» **Assigned task**: The goal is a clean copy of all the data below, with pictures dropped and everything else retyped exactly.

» **Stored data**:
________________

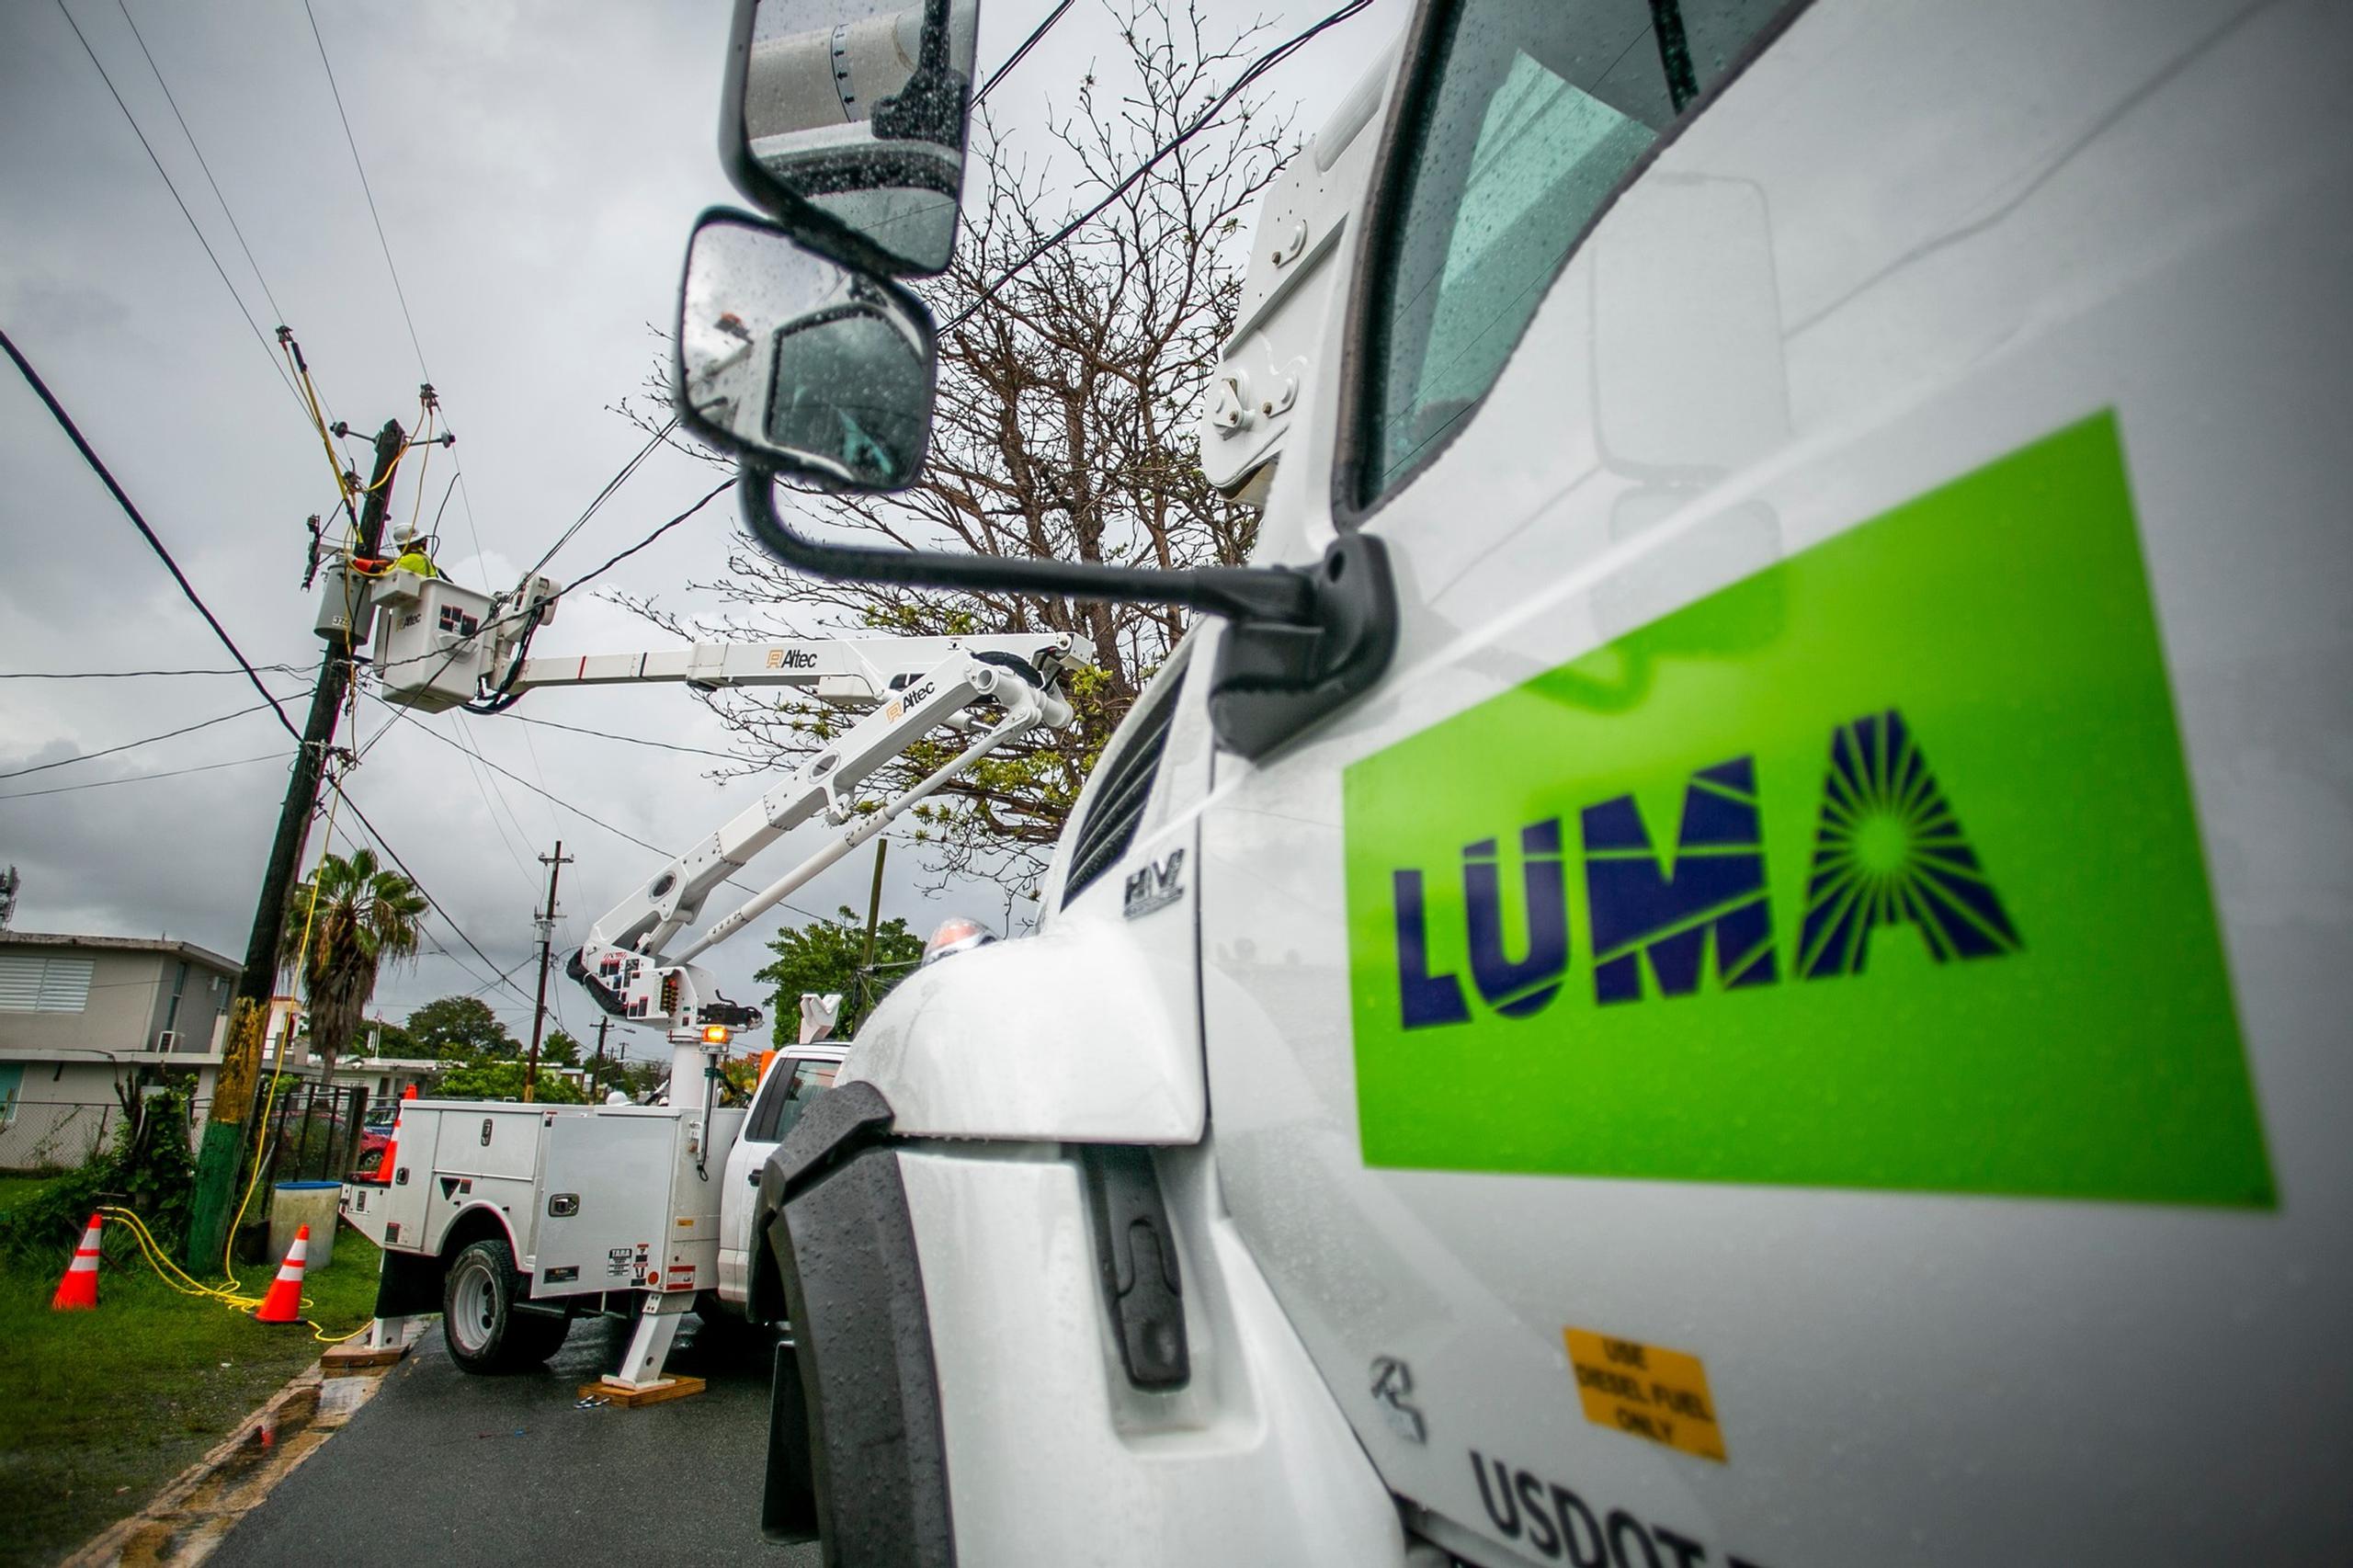 732,324 clientes se encuentran reconectados a la red de transmisión y distribución de electricidad en la Isla, informa LUMA Energy.
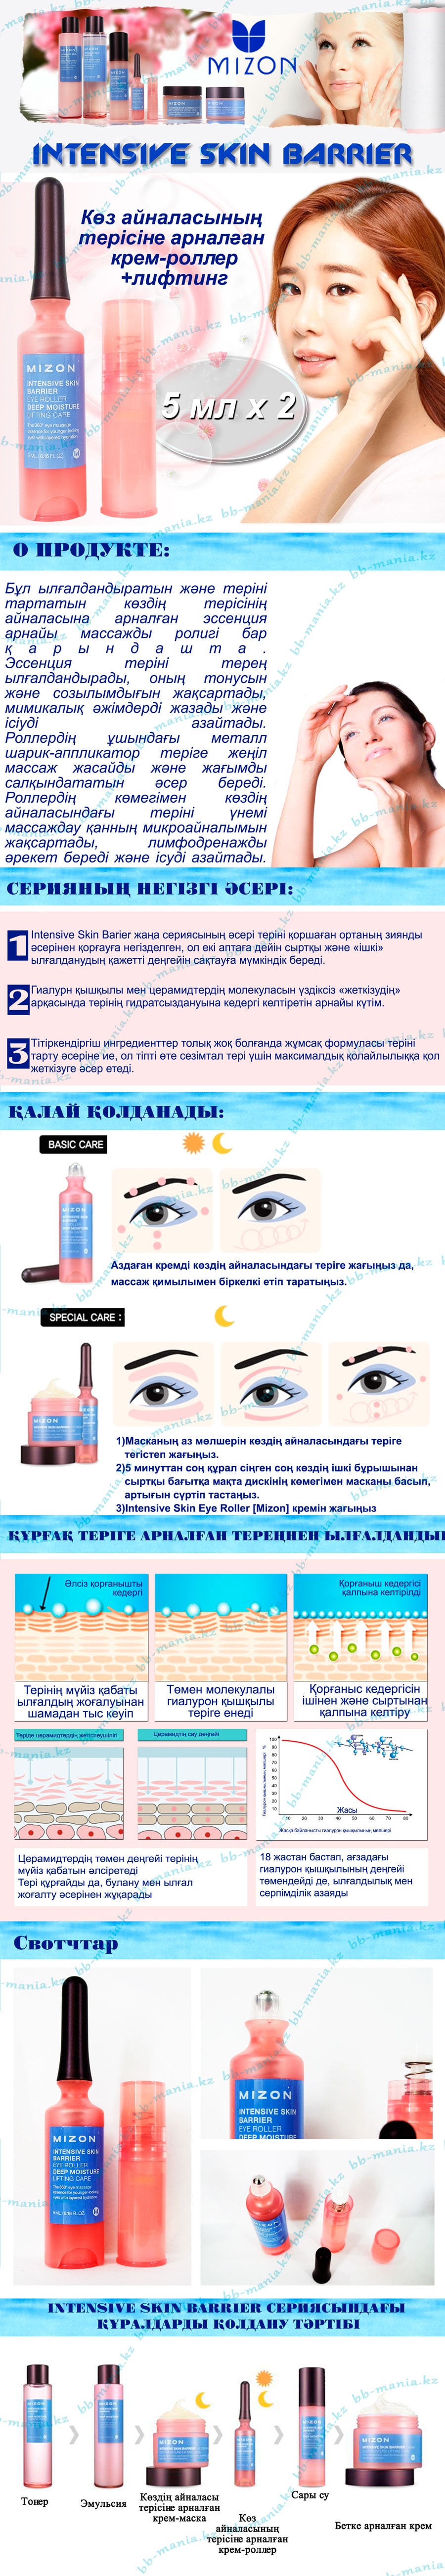 Intensive-Skin-Eye-Roller-[Mizon]-кз-min
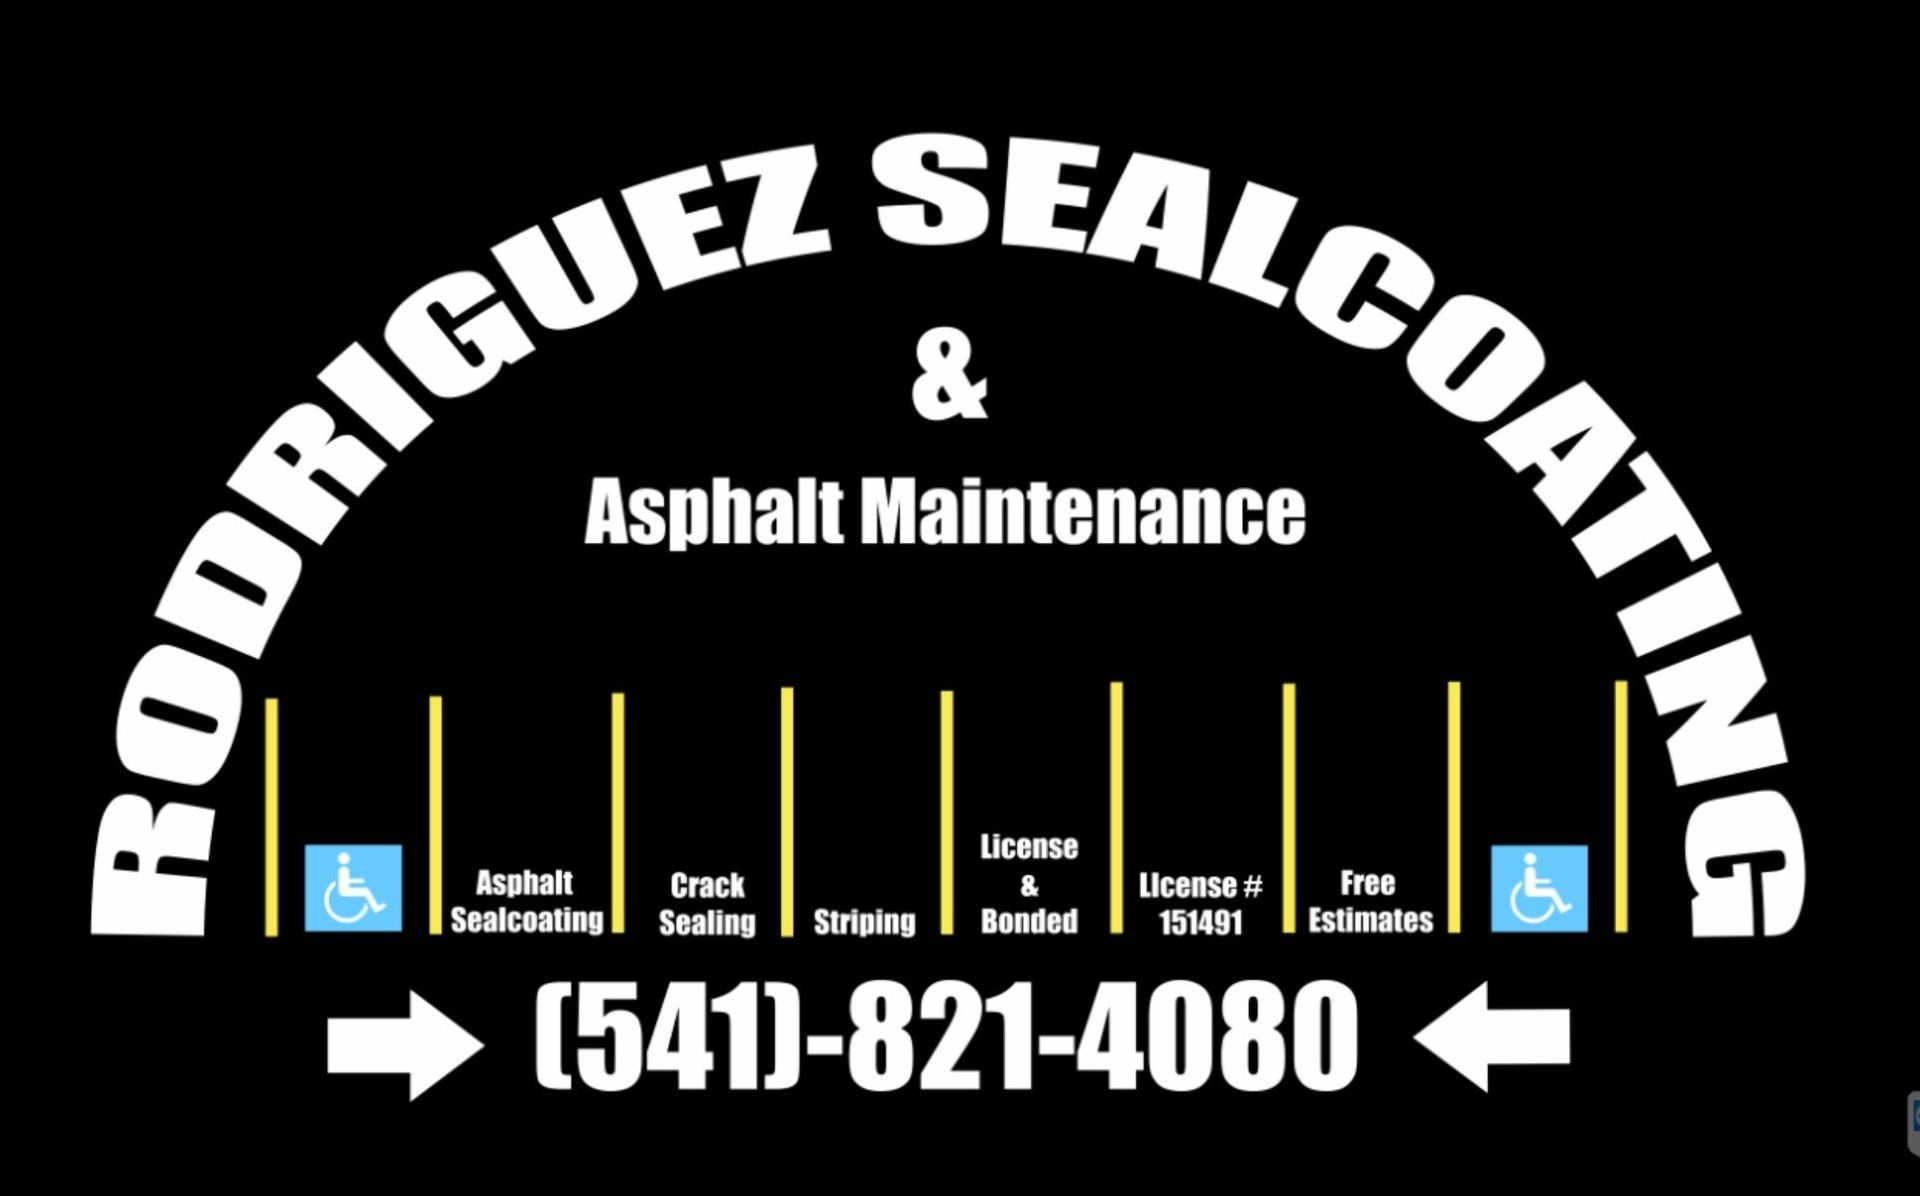 Rodriguez Sealcoating & Asphalt Maintenance - logo

________________

» **Result for this exercise**:
 732,324 clientes se encuentran reconectados a la red de transmisión y distribución de electricidad en la Isla, informa LUMA Energy.
 Intensive-Skin-Eye-Roller-[Mizon]-кз-min
 Rodriguez Sealcoating & Asphalt Maintenance - logo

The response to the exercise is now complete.